A segunda bomba do dia... Parei de mastigar o pão de queijo e me virei para a tv. Para minha surpresa, não foi a sala do Krügger que recebera atenção da repórter...
- "As autoridades estão perplexas com o caso da Escola de Ensino Médio de Forks. A polícia estima que mais da metade dos vidros e classes do prédio principal estejam destruídos, fora o restante dos estragos feitos em outros locais. Ninguém sabe ainda o que aconteceu no local, mas calculasse que o colégio voltará com suas atividades normais na semana que vem...".
Eu estava com metade do pão de queijo na boca.

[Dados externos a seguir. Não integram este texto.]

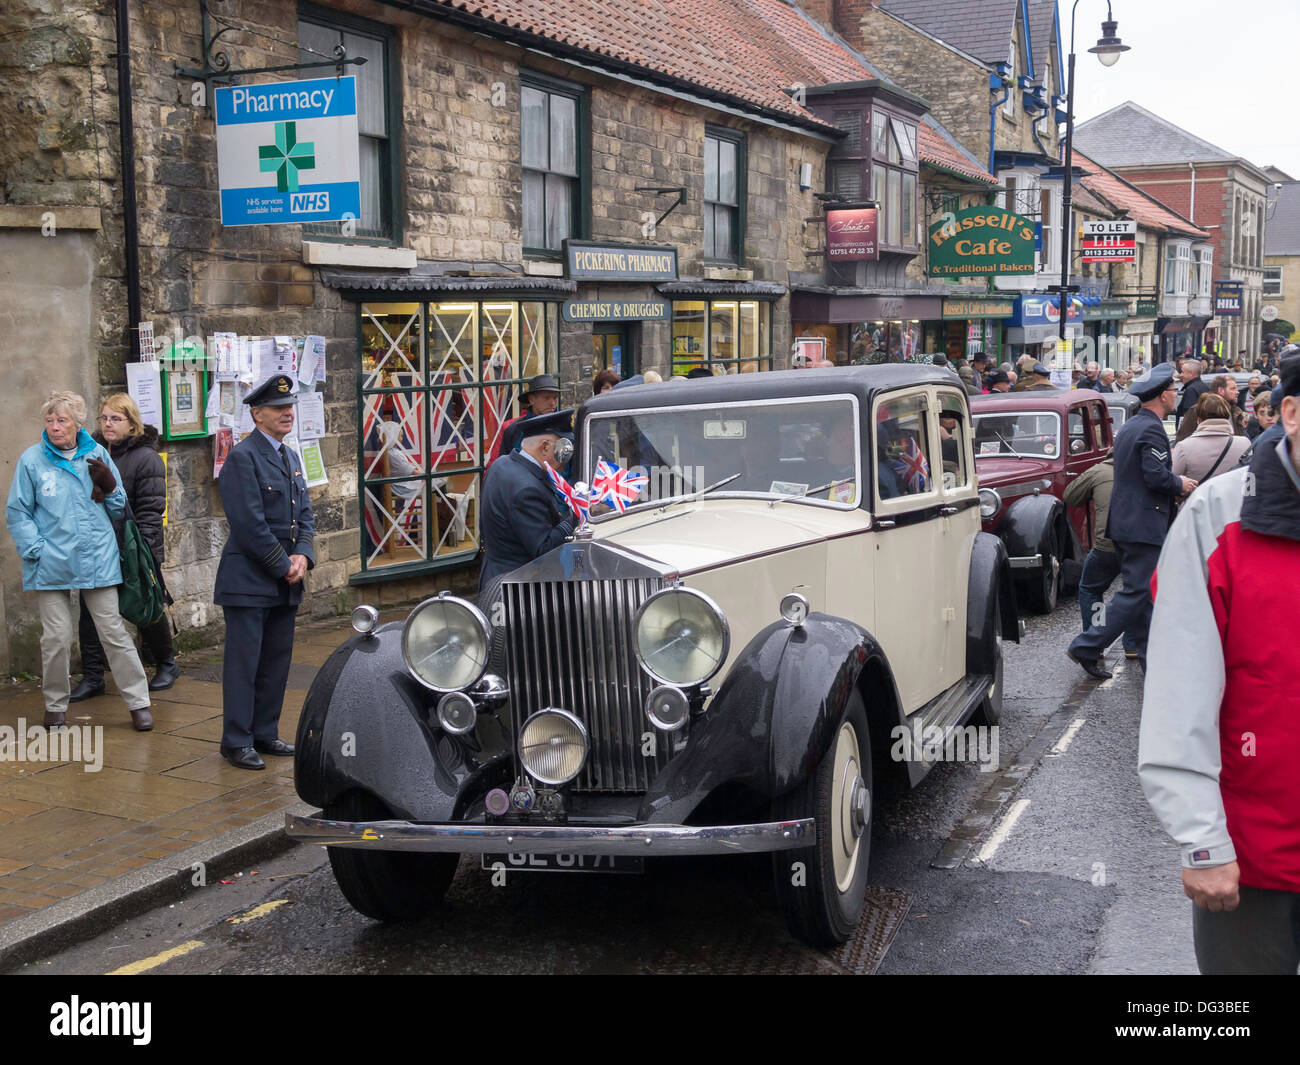 A period Rolls Royce motor car on display in Pickering North Yorkshire England UK for the Wartime and 1940's week-end 2013 Stock Photo

A vontade que eu tinha era de sair correndo pela rua gritando eu roubei um fone, não destruí o colégio! Virei novamente para Mirian que também tinha uma expressão assustada no rosto e tentei me acalmar.
- Puta que pariu... – Uma senhora que sentava do nosso lado me olhou cara de desaprovação depois que soltei – E eu pensando besteira...
- Realmente...
- O quê? – Como assim realmente?
- Nada Lili Star. O que você quer fazer agora?
Eu? Eu queria jogar minha consciência no lixo! Então quer dizer que a polícia não estava na escola por eu ter pegado meus fones de volta? Aquela notícia foi como se tirassem aquelas duas toneladas das minhas costas e jogadas para cima...
- Não sei... O que você quer fazer?
- Estava pensando em voltarmos para casa... Sabe, estou cansada... – Mirian mudou completamente de expressão. Seus olhos começaram a ficar ainda mais negros a cada segundo que passava. Havia alguma coisa errada.
- O que houve, garota?
- Nada – Era óbvio que havia alguma coisa... Eu sabia quando alguém tentava esconder alguma coisa... Eu usava muito isso quando não queria fazer alguma coisa - Não precisa voltar se não quiser...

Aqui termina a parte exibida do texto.